We are told that “the students of Hailsham are special”, just how special is left to their morally conflicted Guardian to disclose during an impromptu life lesson; for these children are echoes of another life, perceived as soulless by their carers, they exist purely as organ donors for a “real person”, sacrificing their bodies before finally completing.
The three short lives that we observe are those of Kathy (Carey Mulligan), Tommy (Andrew Garfield), and Ruth (Keira Knightly). We witness the fledgling relationship between Kathy and Tommy, one that is usurped by the scheming vindictiveness of youth embodied by Ruth and the ensuing regimented life that that the trio must live; through separations, reunions, and departures.
Never Let Me Go signals its intentions early as a narrative laced with pain and loss, from the moment Sally Hawkins holds her impromptu revelatory lecture, the film aches with the knowledge of the children’s fate, but although this is a thematically morose story, the overriding feeling is of a seize the day mentality that is truly inspirational right up to the tear stained epilogue.
Some will find the characters and performances alienating, but that’s the point, we too are looking at them as though they are cattle, as if knowing their ultimate fate dehumanises them in some way. But those that embrace the narrative conventions will be rewarded with a heartbreaking central turn from Mulligan in particular; an understated performance of delicate strength that allows us a window into her seemingly futile existence, and more importantly makes us care.

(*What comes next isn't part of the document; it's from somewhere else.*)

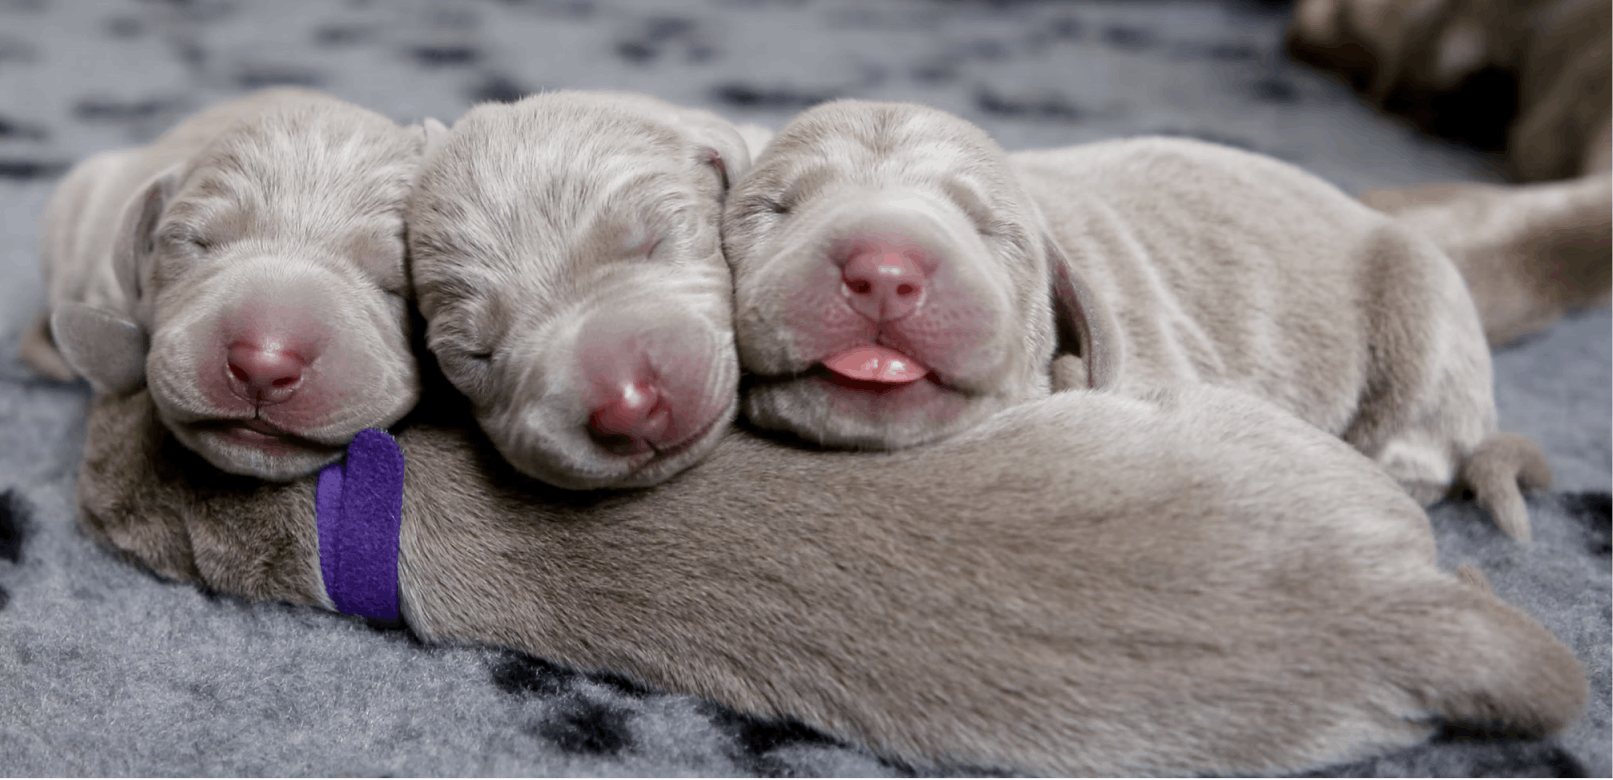 How Long Should A Puppy Stay With Its Mother?

Garfield shines strongest during the key final act, but prior to that his impact is fleeting. Knightly comes and goes from the plot and unfortunately fumbles a couple of huge dramatic beats, but that is more to do with the condensed plot, a side-effect of any adapted screenplay and one which seems to effect Never Let Me Go quite a lot.
Director Romanek (One Hour Photo) uses a Mulligan voiceover in an attempt to make up for the information that the written word could have enlightened us with, but even then the film does feel rushed, with not enough time spent in the respective phases of their lives.
Where he does succeed is in making the film beautiful to look at, sure the metaphors aren’t subtle; a bird freely fluttering through the window, the longing stares out over the expansive ocean, and Mulligan focusing on the old woman she’ll never become, but its mise en scene of fading hues marries perfectly with these themes of mortality.
Bittersweet, but reflectively uplifting, Never Let Me Go continues the great start we’ve had in 2011.